→ Task requirements
Quote all of the data that follows exactly as written, skipping the images.

======== Data below ========

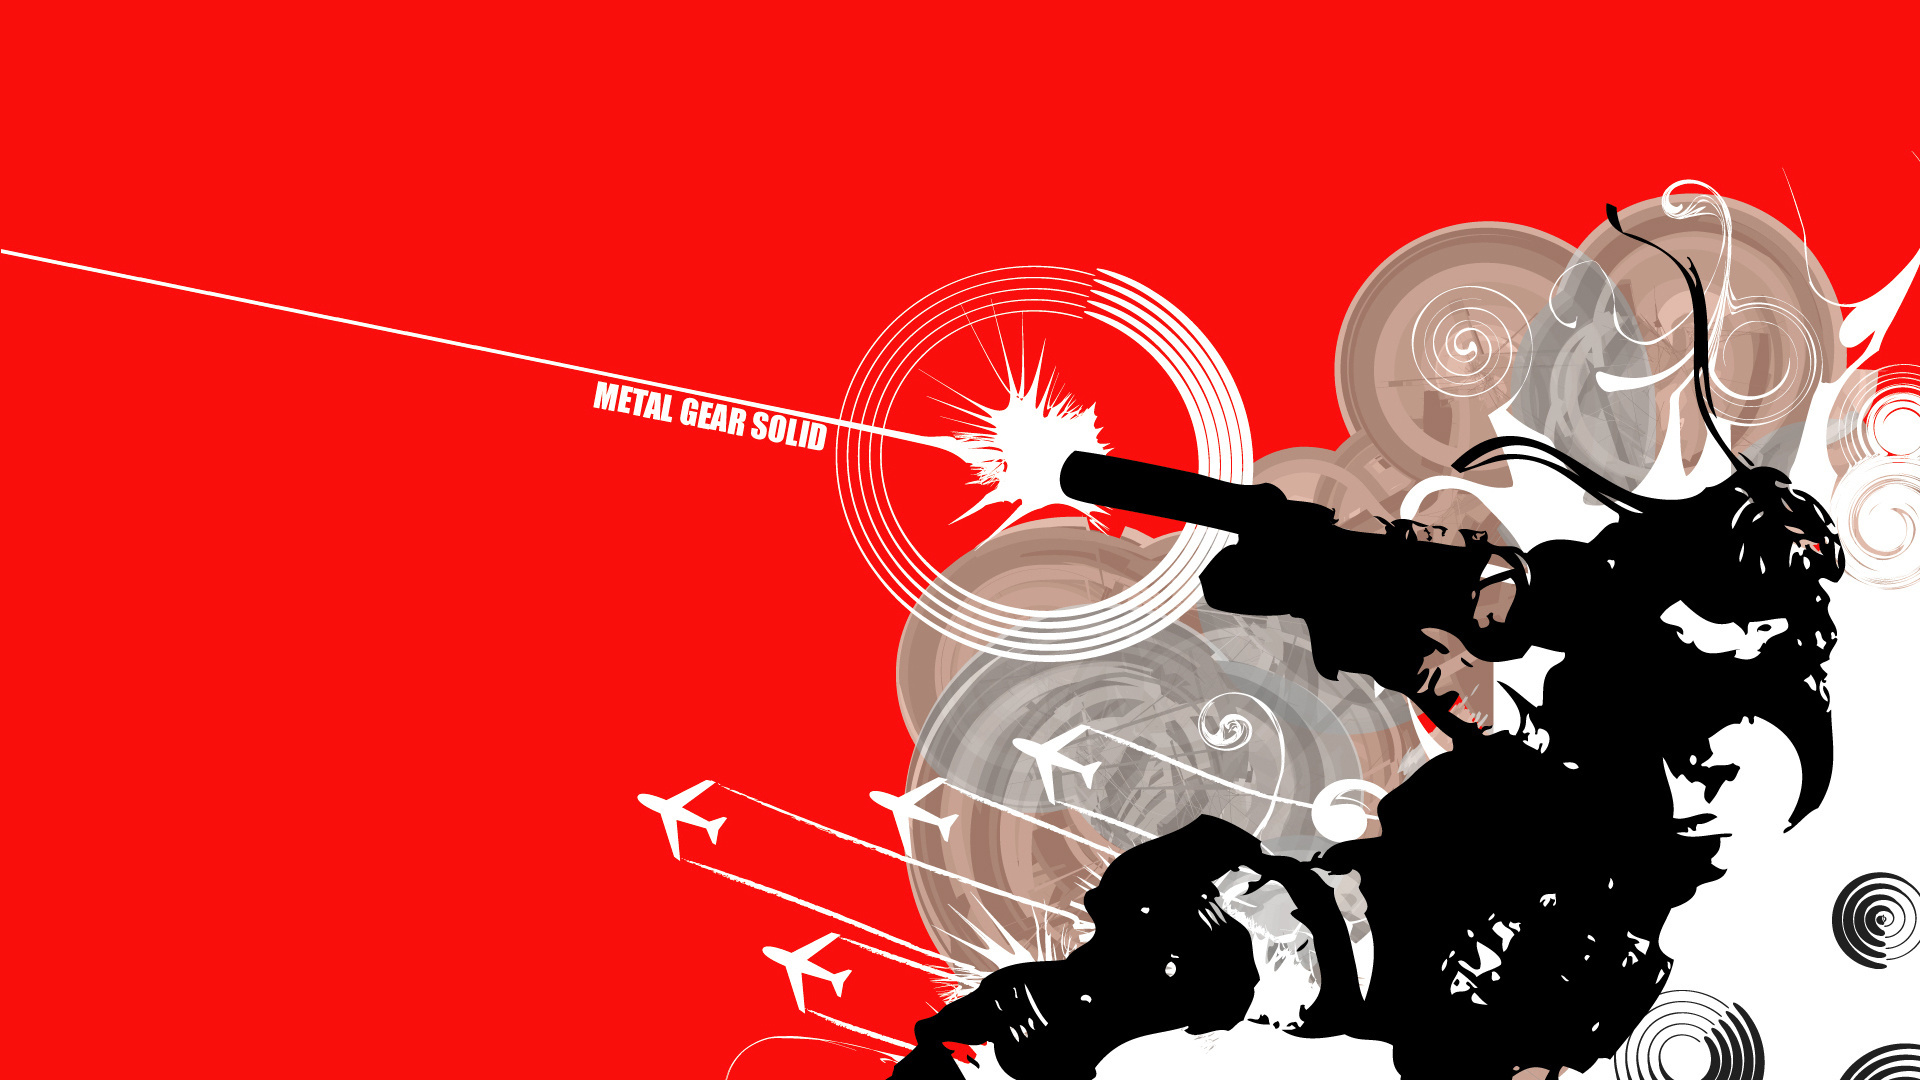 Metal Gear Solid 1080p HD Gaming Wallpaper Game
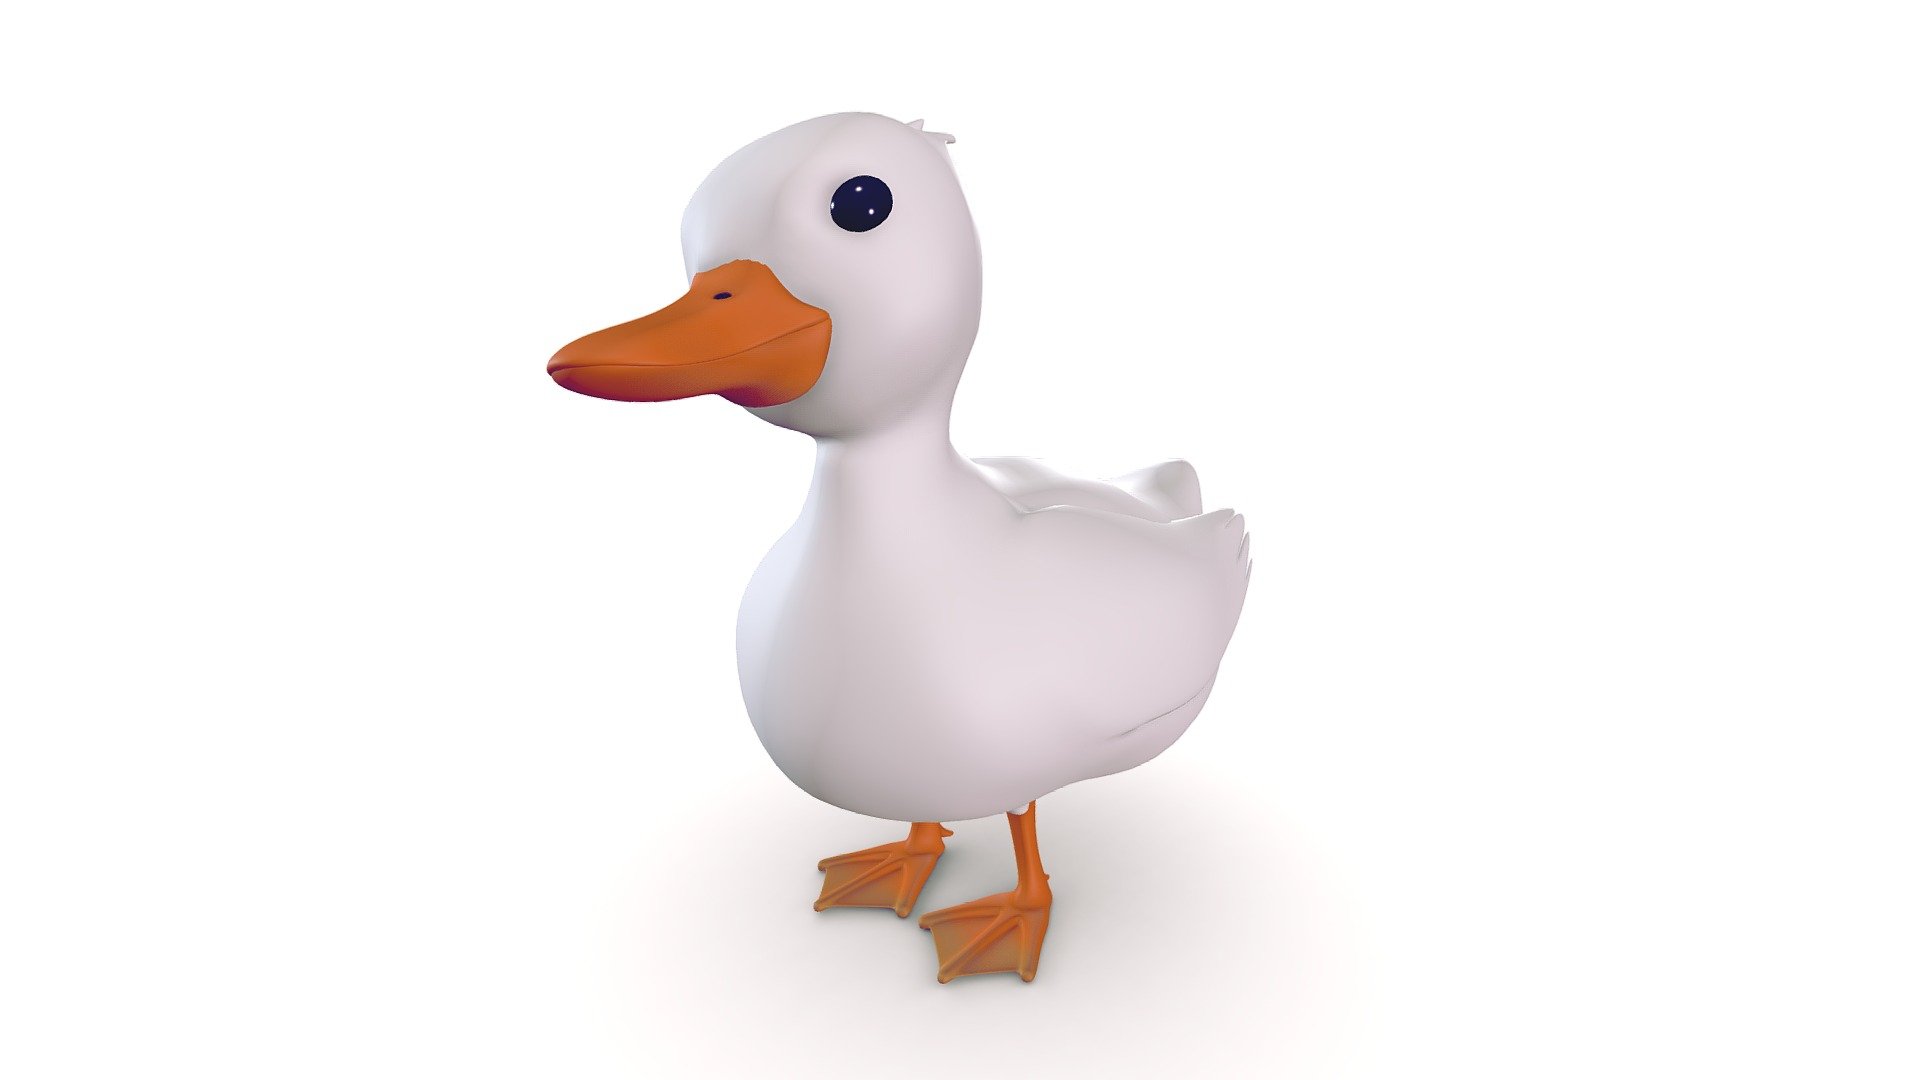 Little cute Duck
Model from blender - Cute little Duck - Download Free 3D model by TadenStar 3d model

========

→ Solution to this task
 Metal Gear Solid 1080p HD Gaming Wallpaper Game
 Little cute Duck
Model from blender - Cute little Duck - Download Free 3D model by TadenStar 3d model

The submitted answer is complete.